AIM OF THE TASK →
All of the data, except its images, should be set down exactly as it appears.

GIVEN MATERIAL →
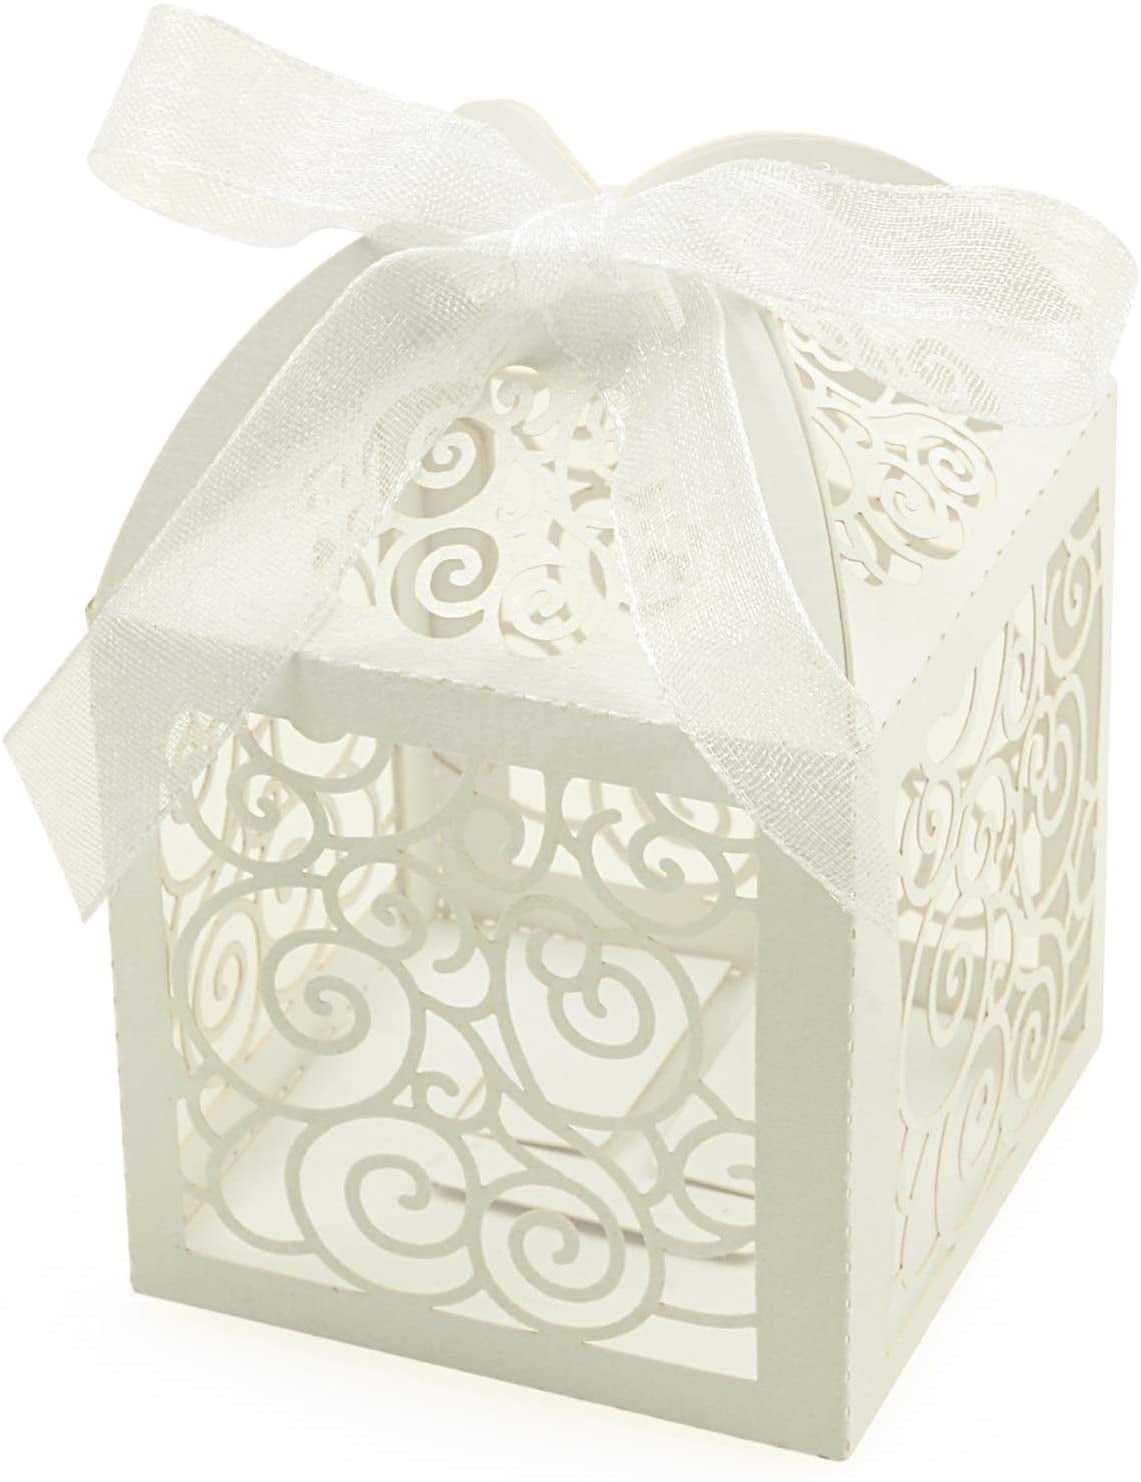 Laser Cut Candy Box Wedding Favor Gift Boxes for Bridal Shower Anniverary Birthd 
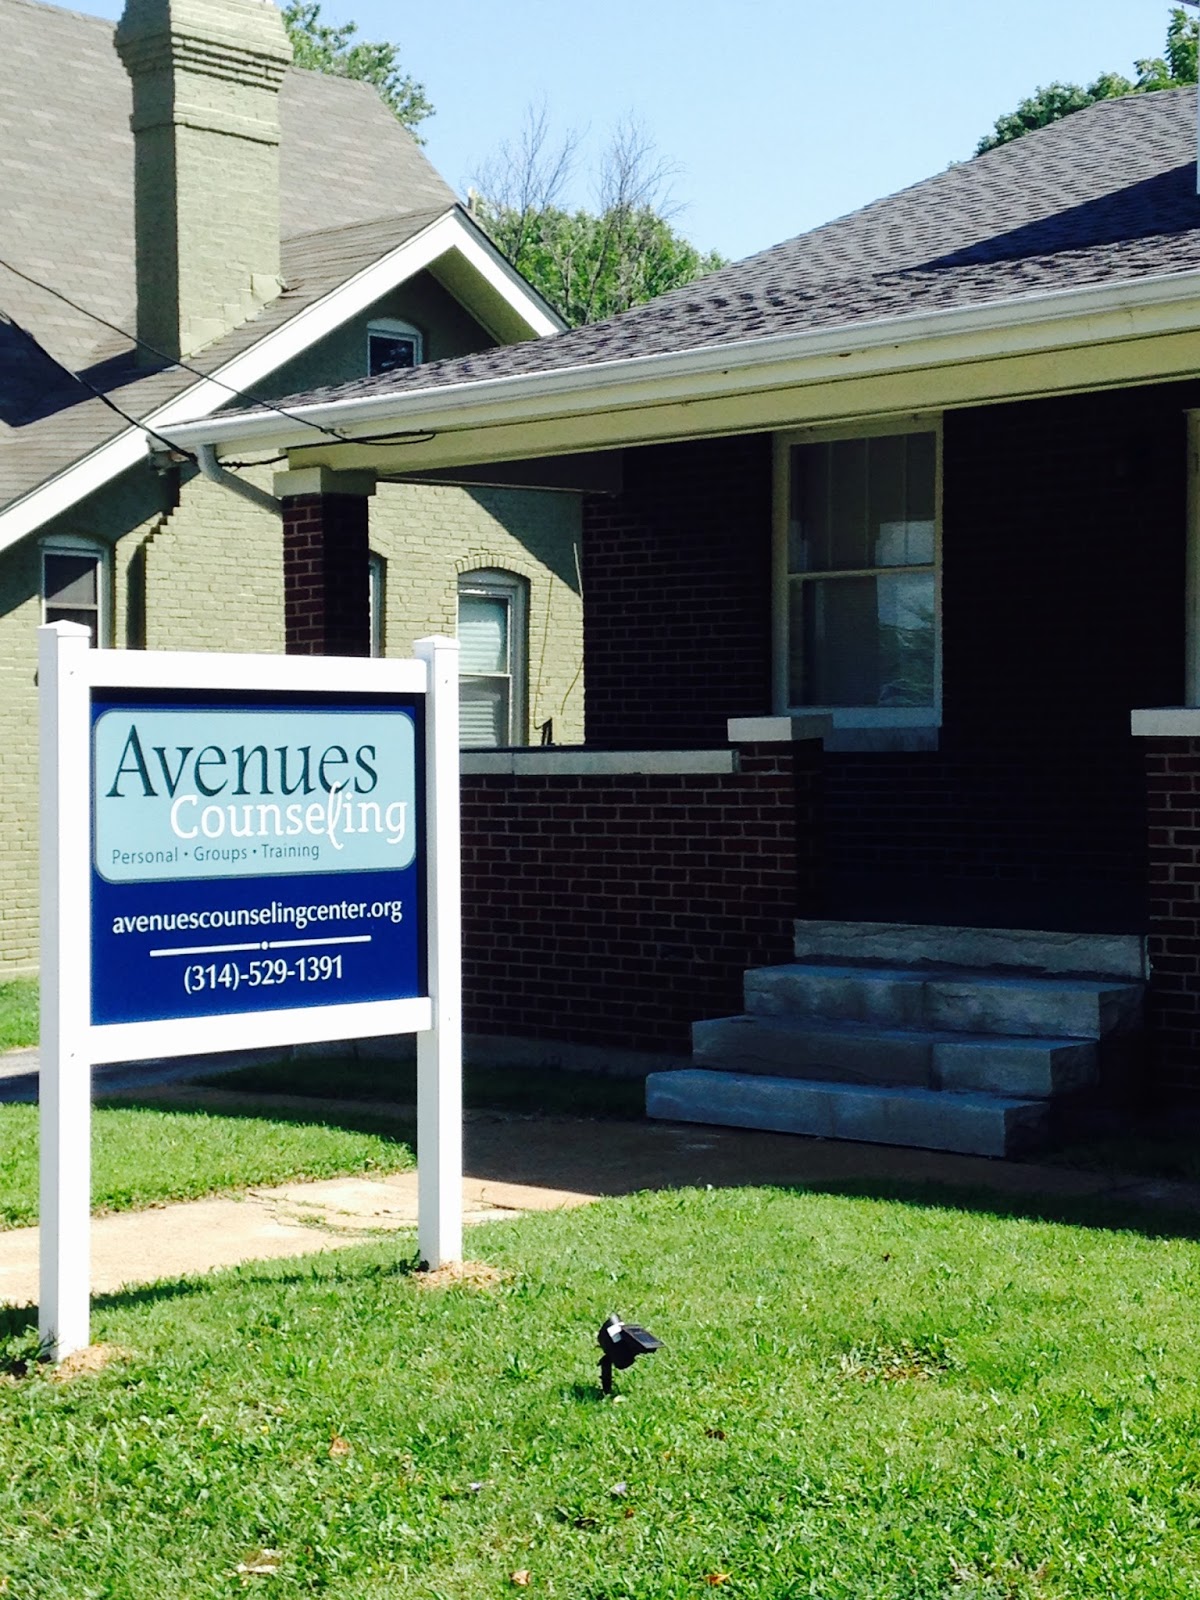 Avenues Counseling Center
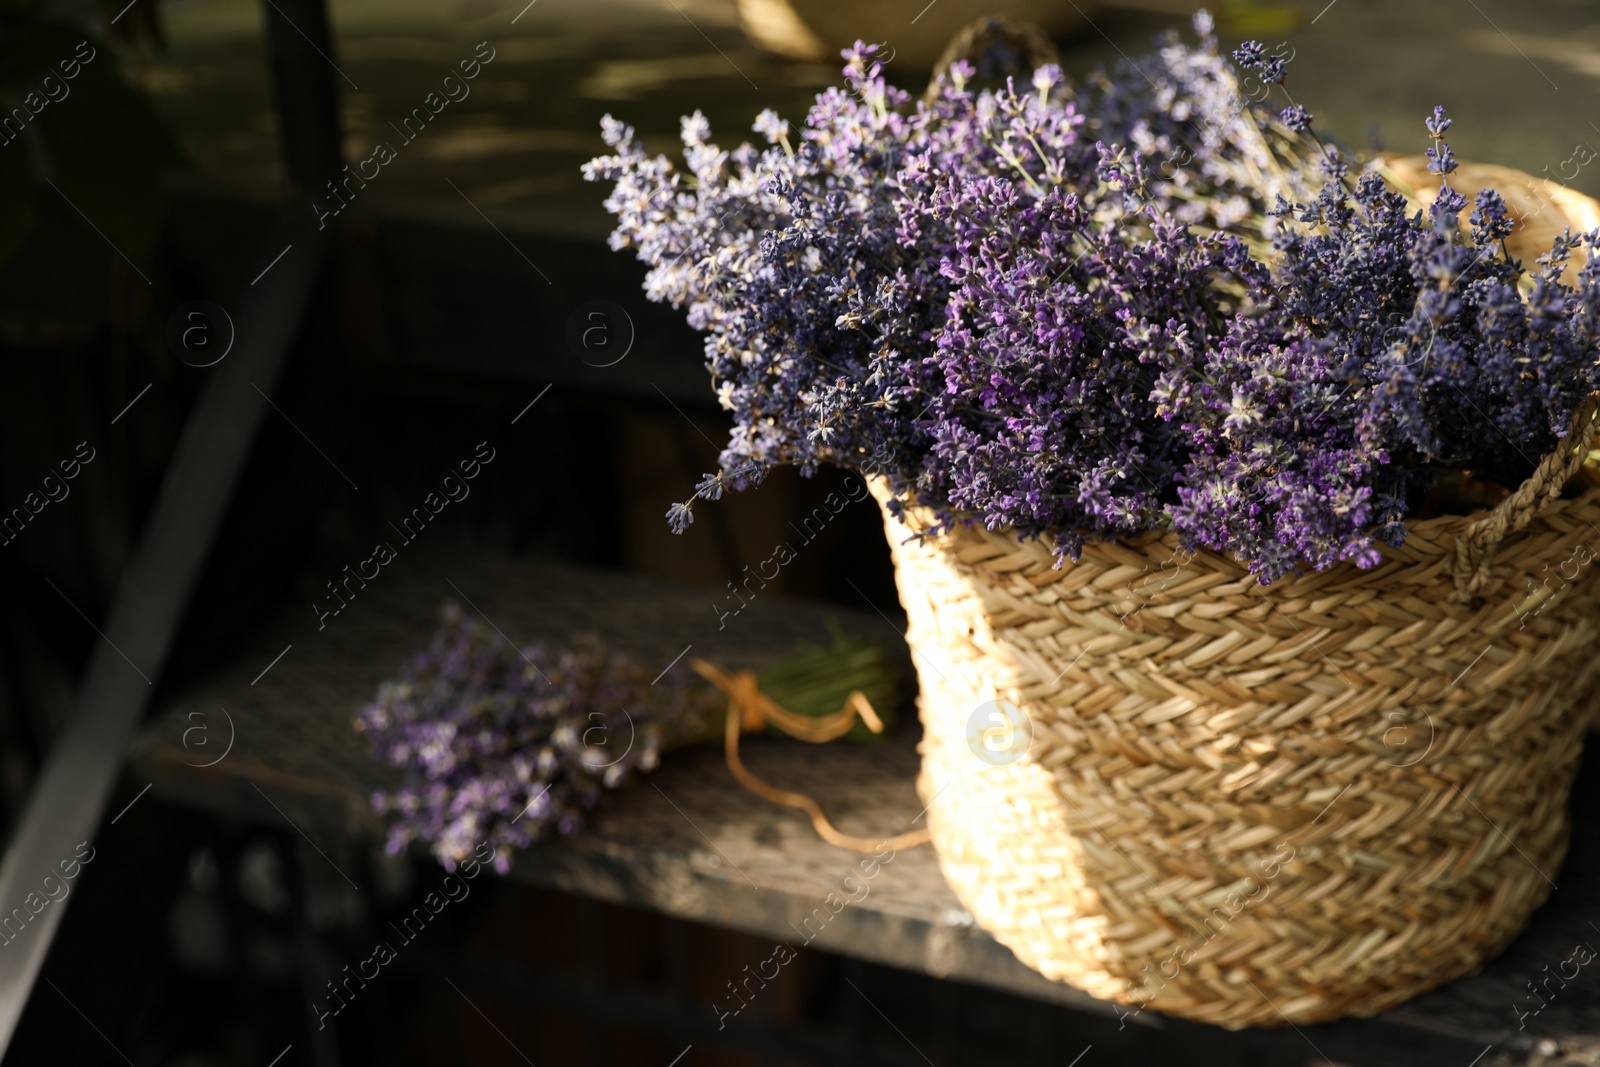 Photo of Wicker basket with beautiful lavender flowers on metal stairs outdoors
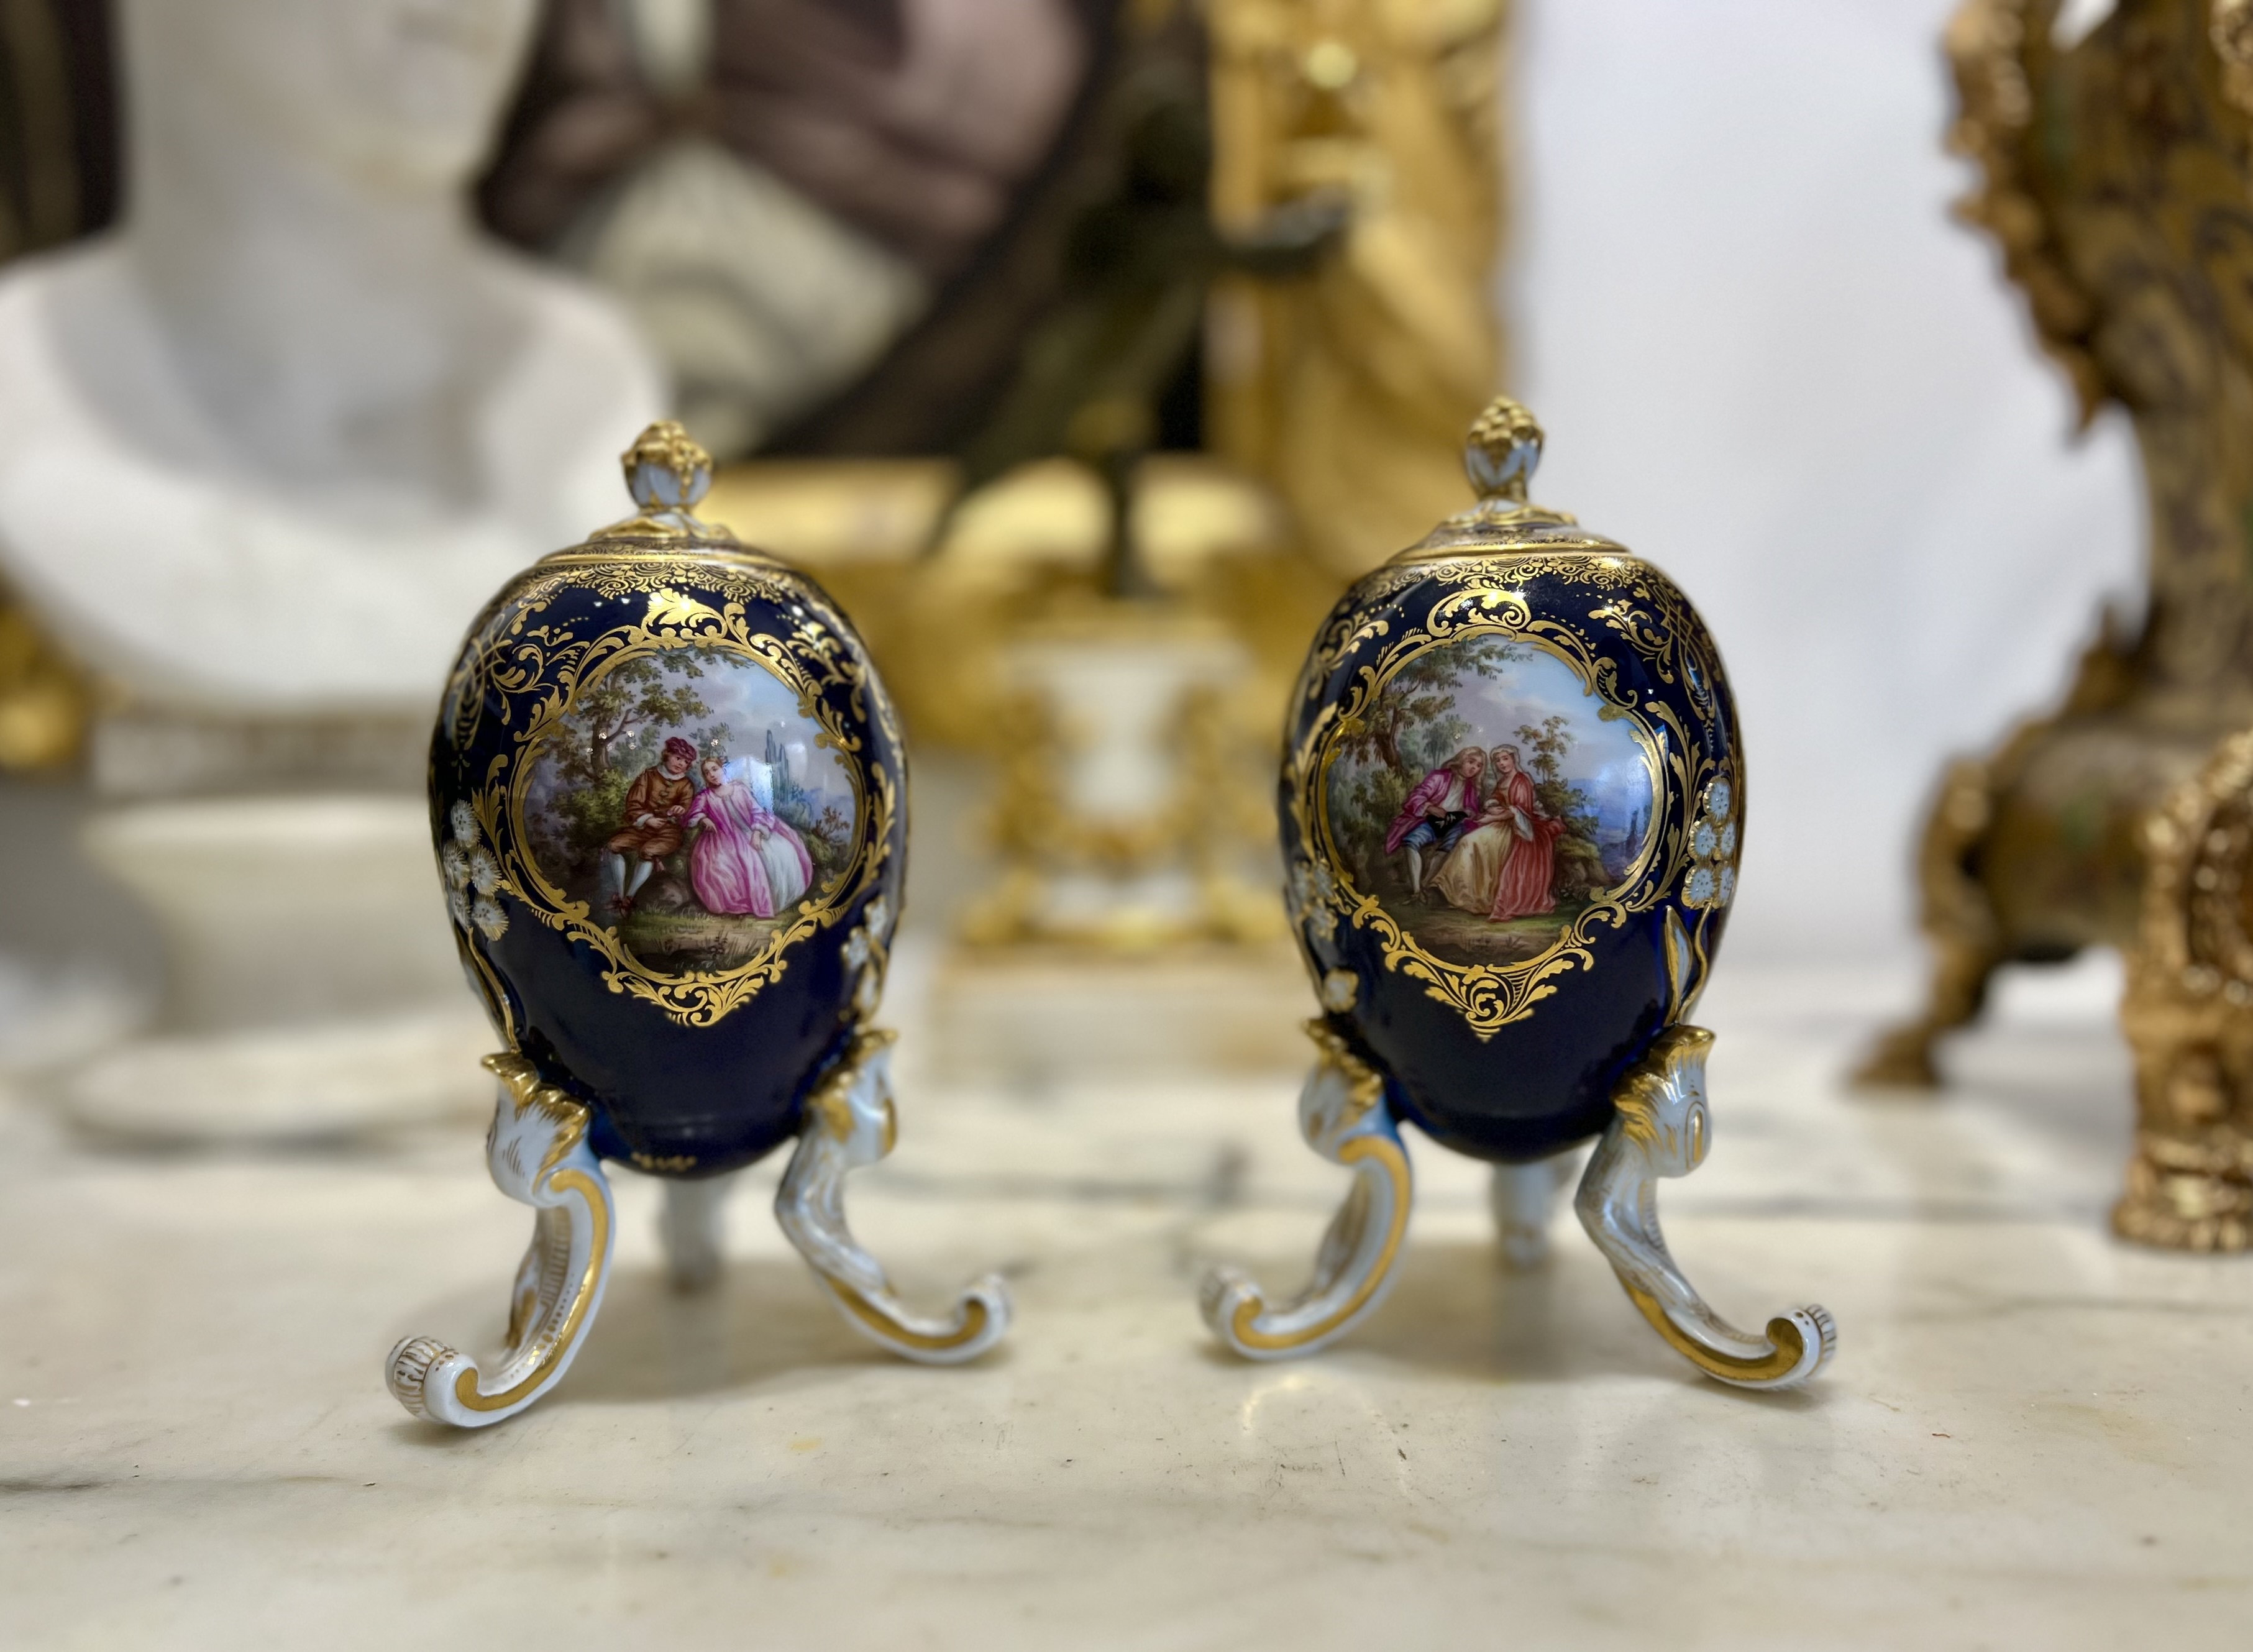 MEISSEN: A PAIR OF LATE 19TH / EARLY 20TH CENTURY PORCELAIN EGG SHAPED TEA CADDIES - Image 2 of 16

OUTPUT →
 Laser Cut Candy Box Wedding Favor Gift Boxes for Bridal Shower Anniverary Birthd 
 Avenues Counseling Center
 Photo of Wicker basket with beautiful lavender flowers on metal stairs outdoors
 MEISSEN: A PAIR OF LATE 19TH / EARLY 20TH CENTURY PORCELAIN EGG SHAPED TEA CADDIES - Image 2 of 16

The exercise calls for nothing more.